子孫を残したいという思いなのか? 人間を滅ぼす為の戦力を欲したのか?
怨霊の人間に対する憎悪や恨みがどのように作用したのかは不明だが
母竜は、巣籠りの為に適した環境が必要であるという本能に従い
皮肉にもダンジョンの彼女の部屋に酷似した この山を自分の傷を癒やし、我らを育てるための巣に選んだ
卵を産み落とし、我らが孵化した時の喜びたるや、彼女が産まれてから得た
数多の冒険者を倒した時の喜び、自由を手に入れた時の喜び、それらをすべて足しても
まるで届かぬ 得られると思いもしなかった幸せを手に入れた
傷も癒えると 自分に感情や知能、そして子供を与えてくれた 怨霊の願いを聞き入れ
前の宿主である、織田信長を滅するために、この国の都へと飛んだ
予想していた抵抗も無く、数万もの命を狩り、目的を果たし我が子の元へと戻った
それから数カ月ここで、我が子の成長を見守った
順調に我々は成長し、自分以上の個体になると確信した母は、自分の命をも子供達の
糧となる事を選び、そのあまりにも長く。。。あまりにも短い生涯を閉じた
あの怨霊がどうなったのかは、誰にもわからない 母は、幸せだったのだろうか?
明晰となったネボアの頭脳が、ある考えに思い至った
母は、あのダンジョンで戦った4人と一緒に、こことは異なった世界から飛ばされてきたのではないか?

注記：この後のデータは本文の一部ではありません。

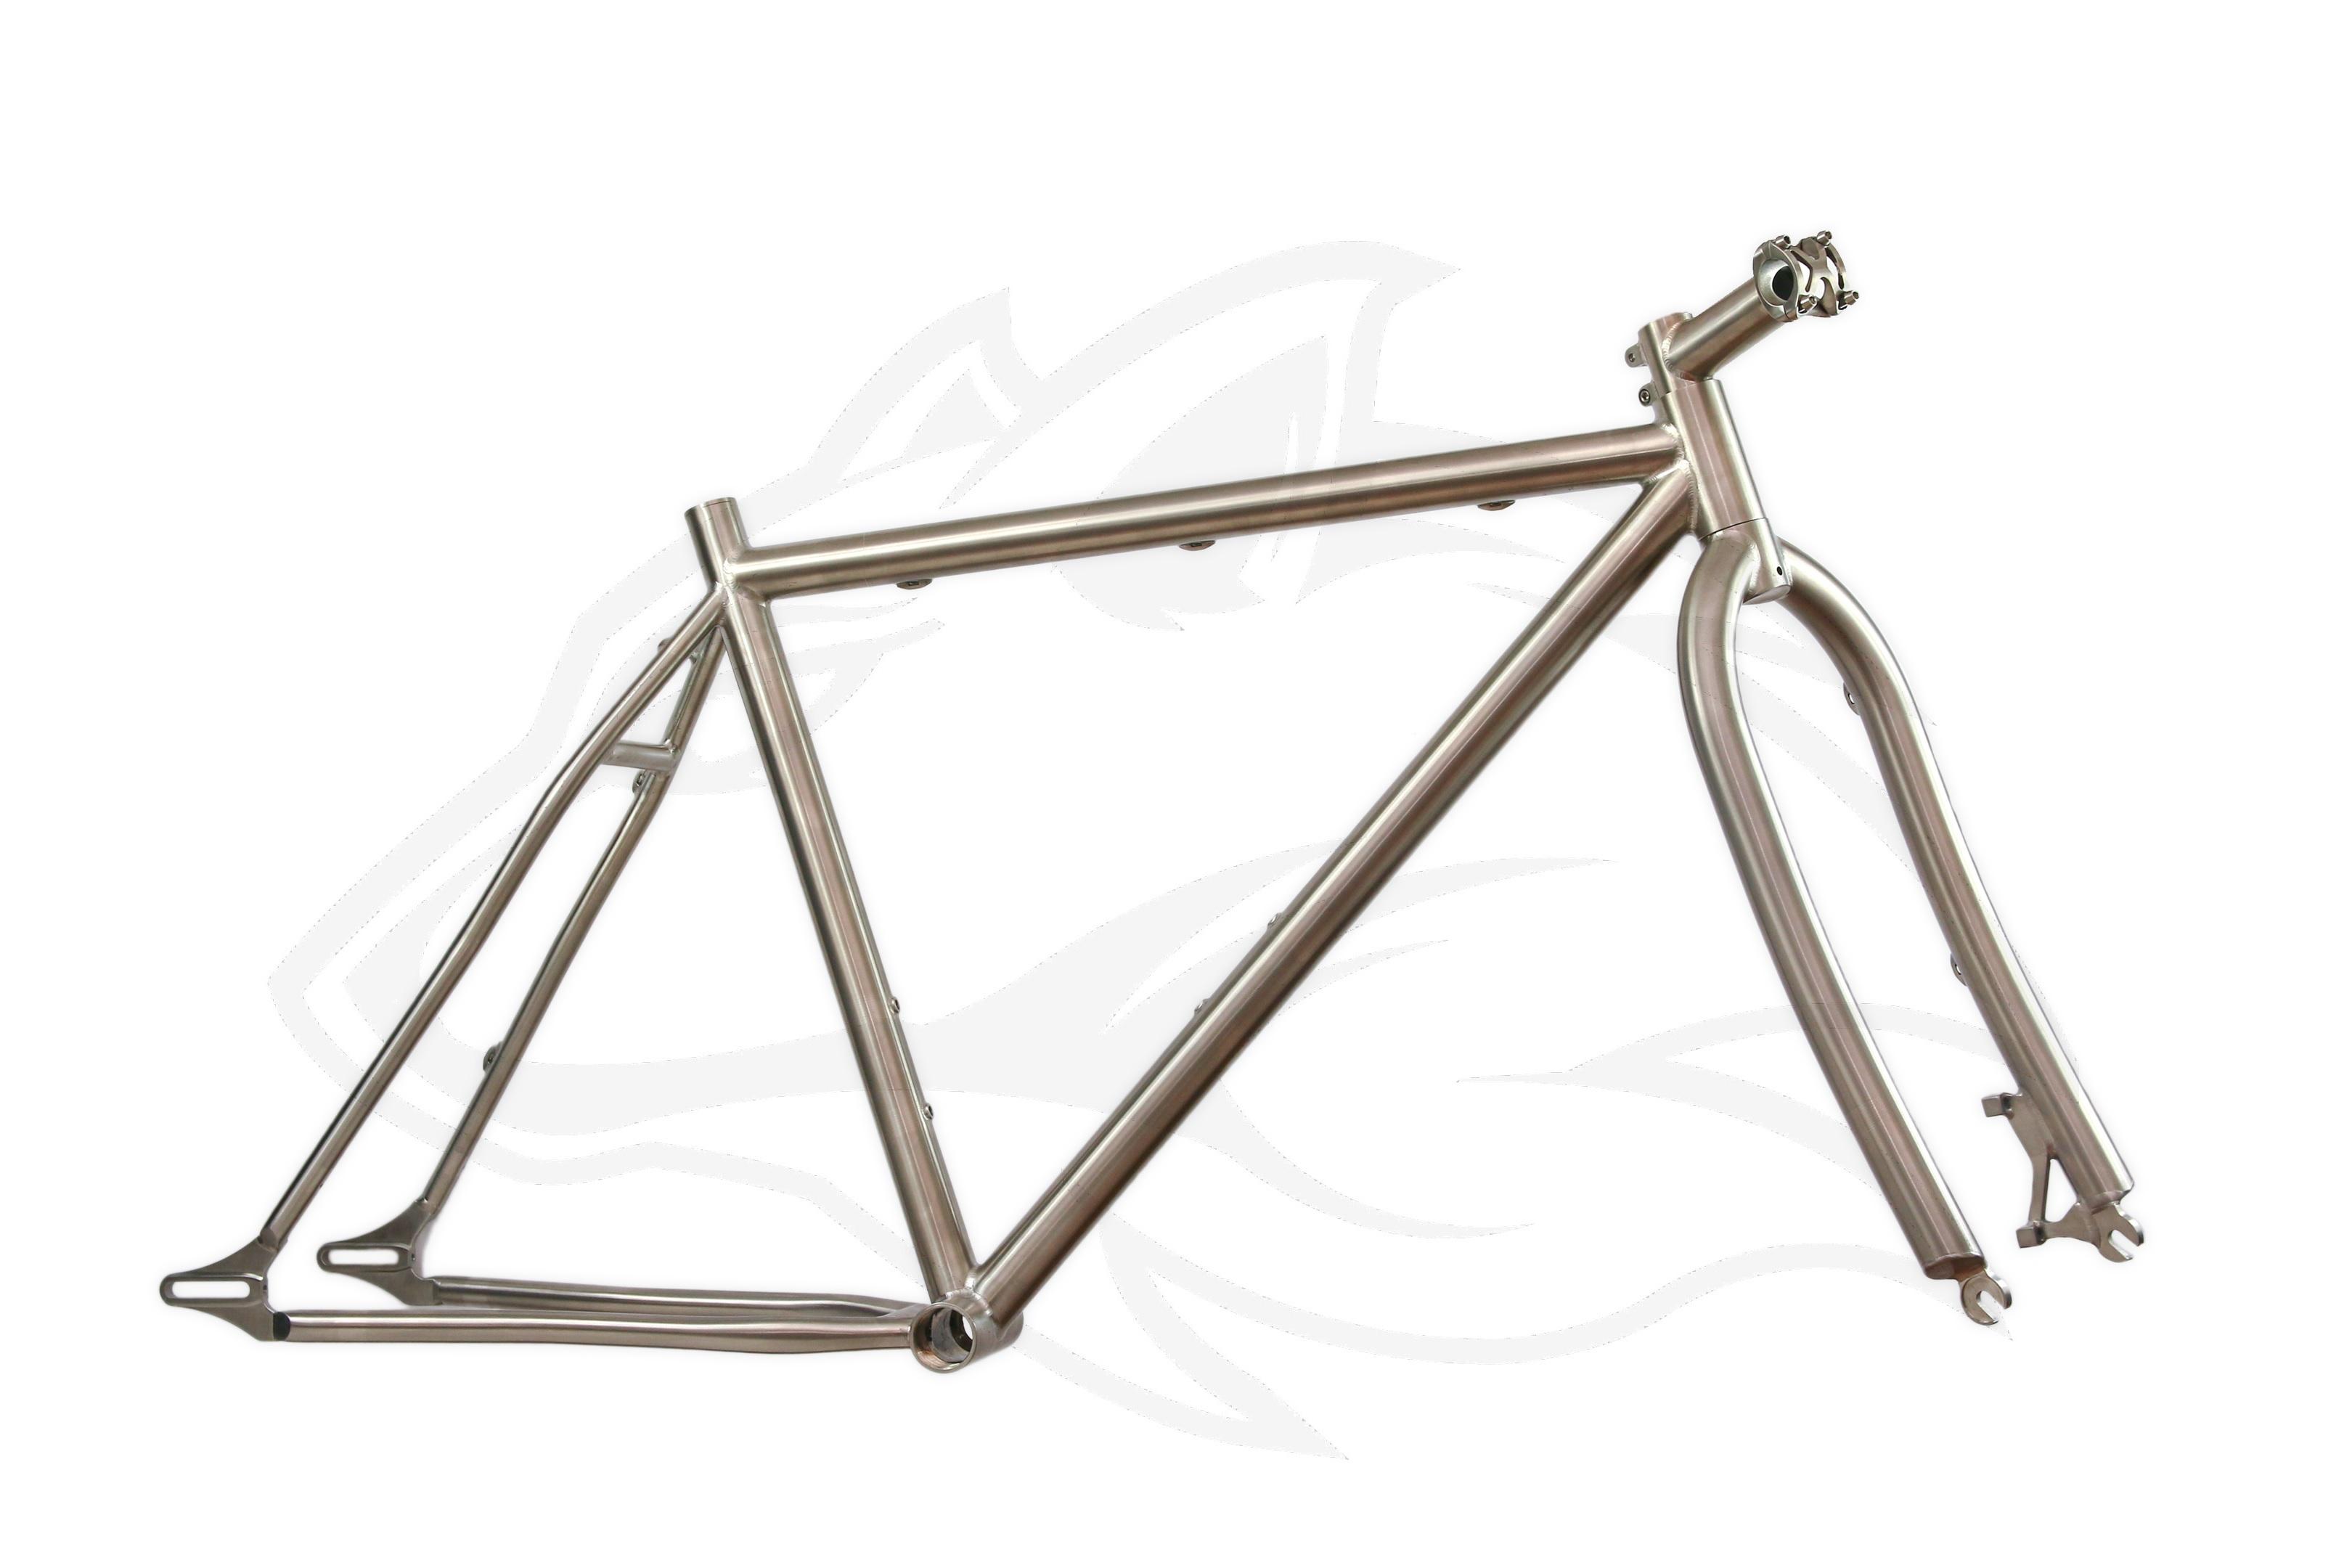 Titan Fatbike Set inkl. Gabel - Individueller Fahrradbau - Titanteile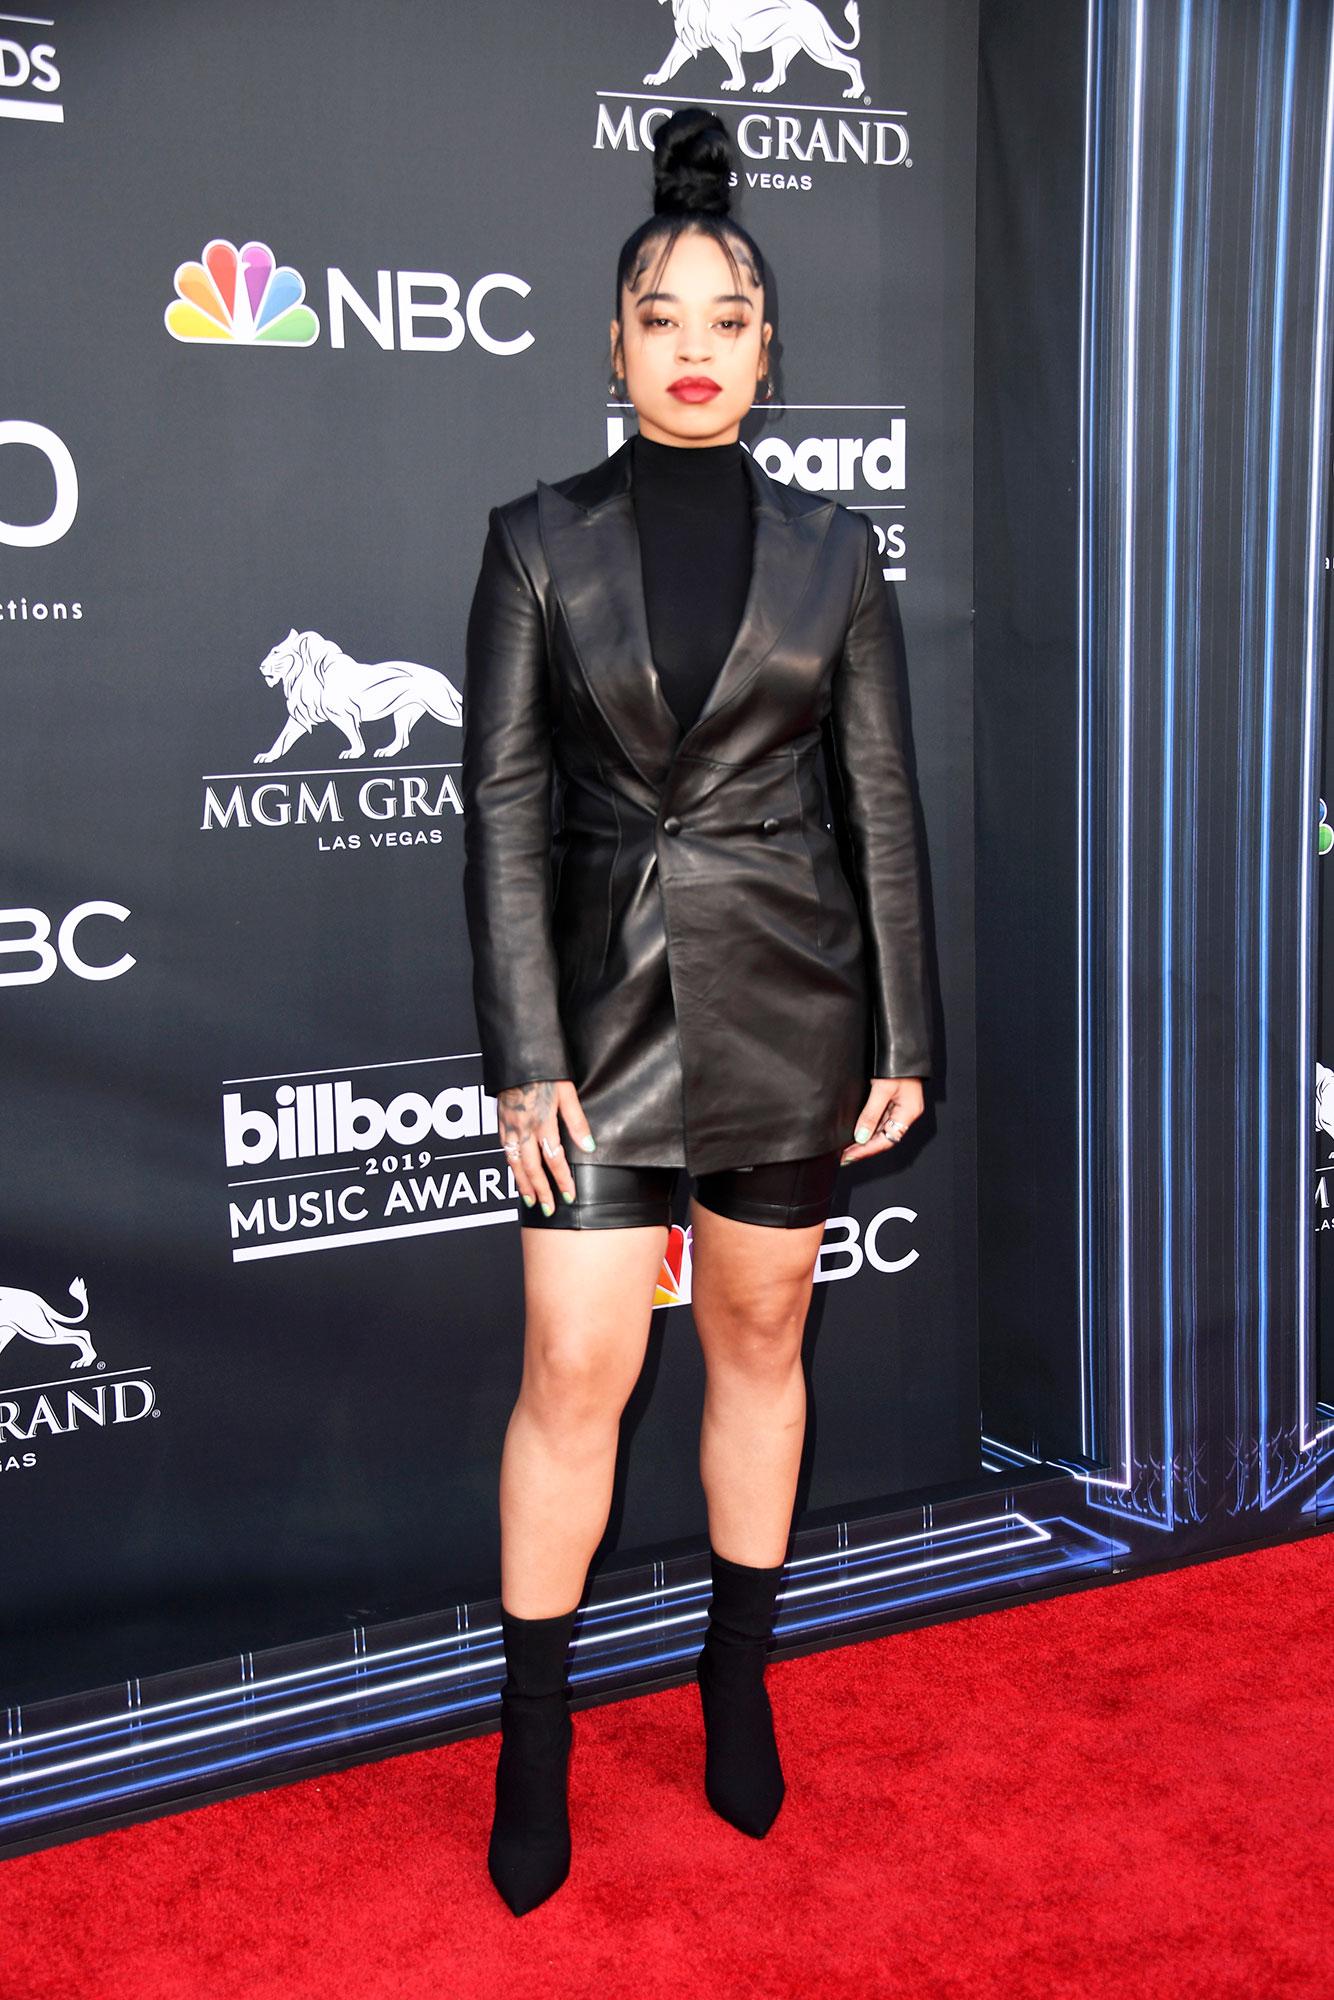 14079a4f0e8f Billboard Music Awards 2019 Red Carpet Fashion  See Celeb Dresses

この世界の生物とは、まるで異なる生態を我らも、奴らも有している
様々な生物を捕食したが、魔力を持っている者は居なかった
我らと、あの4人を戦わせる事により
この世界が、どちらかを、あるいは特異な存在である我らすべてを淘汰しようとしているのではないか?
そうネボアは、思い至った。。。。。